Pero el problema con esta nueva fase no es solo de gasoductos, contratos y capacidad instalada. Los sistemas energéticos contemporáneos conviven con territorios cada vez más estructurados, comunidades hiperconectadas y un número creciente de ciudadanos que esperan niveles cada vez mayores de visibilidad ambiental, apertura y participación.
Desde lo anterior, el proceso social de socialización y comunicación juega un papel importante.
Según Manuel Castells, quien escribió que el poder ya no es solo dominio de las instituciones formales, sino que puede influir en los flujos de información y comunicación en una “sociedad en red”, este cambio explica gran parte de lo que hacemos en lugares como áreas de energía o minería o proyectos de infraestructura a nivel regional hoy en día.
A medida que la realidad política ha cambiado gradualmente, la conversación pública ha estado durante mucho tiempo fuera de las manos de los gobiernos, las empresas y los medios de comunicación masivos establecidos. Se está articulando, desde redes sociales y plataformas digitales hasta organizaciones territoriales e incluso liderazgos locales, que pueden girar narrativas, catalizar controversias y escalar conflictos en solo horas.
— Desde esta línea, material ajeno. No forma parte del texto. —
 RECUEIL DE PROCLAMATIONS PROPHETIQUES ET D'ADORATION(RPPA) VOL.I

El caso de HidroAysén (hace más de 10 años) es un ejemplo. Aparte de ser técnicamente factible, el proyecto se volvió inviable ya que no tenía la capacidad de interpretar de manera adecuada el nuevo ecosistema territorial, comunicacional y cultural que comenzaba a emerger en el país.
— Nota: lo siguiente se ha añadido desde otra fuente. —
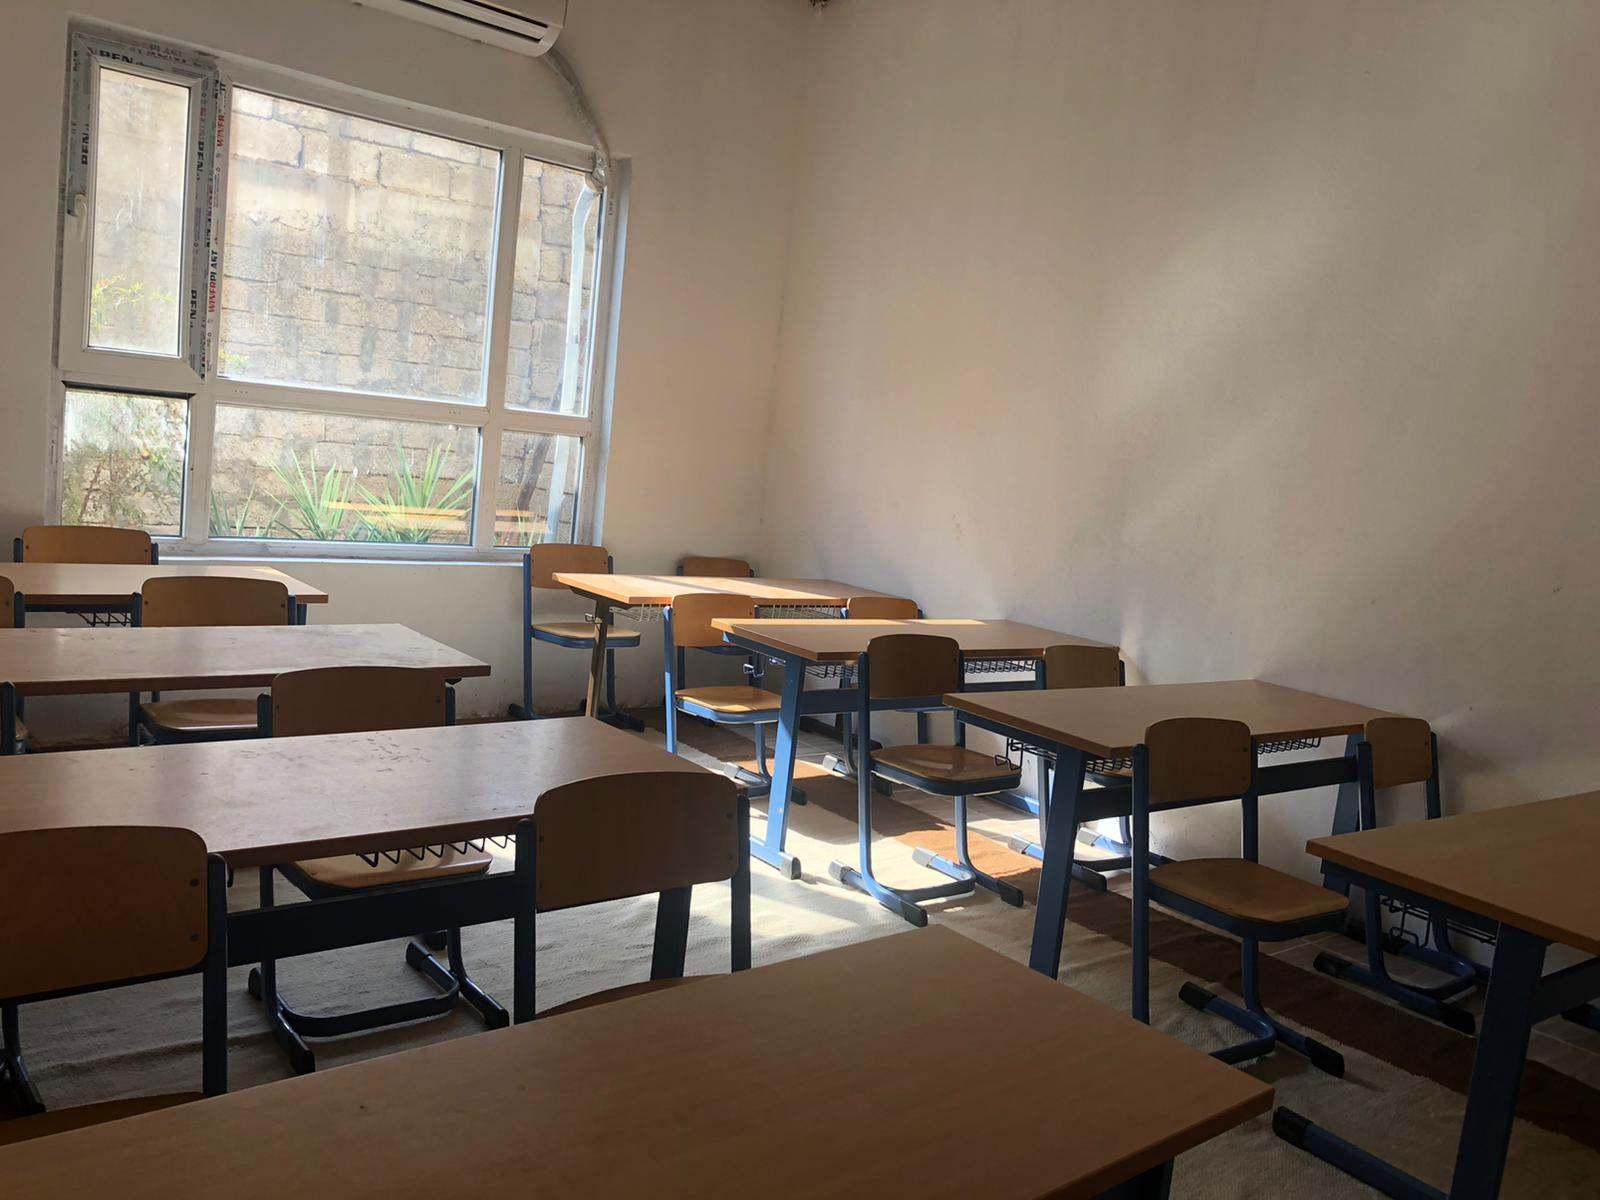 erste Klassenraum steht

Hoy estamos viendo algo similar con diferentes proyectos energéticos en la macrozona sur. El conflicto no es solo una reacción a una dimensión ambiental objetiva. También está relacionado con la desconfianza institucional, las identidades territoriales, las nociones de centralismo y las preocupaciones sobre cómo se distribuyen de manera significativa los beneficios del desarrollo.
Este es el punto en el que las relaciones comunitarias y los asuntos públicos ya no se ven como dos disciplinas relacionadas, sino que se convierten en aspectos fundamentales para decidir la viabilidad de cualquier inversión.
La integración energética de Chile y Argentina podría crear un escenario prometedor para el desarrollo futuro regional, pero si la conversación se limita exclusivamente a los ministerios de relaciones exteriores, los equilibrios económicos o las urgencias energéticas, el peligro es avanzar más rápidamente que la posibilidad de construir legitimidad social.
La competitividad de los proyectos, además, también está dictada hoy por la gobernanza territorial, el desempeño social y la lectura temprana de escenarios políticos y comunitarios.
La infraestructura energética no solo vincula sistemas eléctricos o mercados. También redefine las relaciones entre el estado, las empresas y los territorios.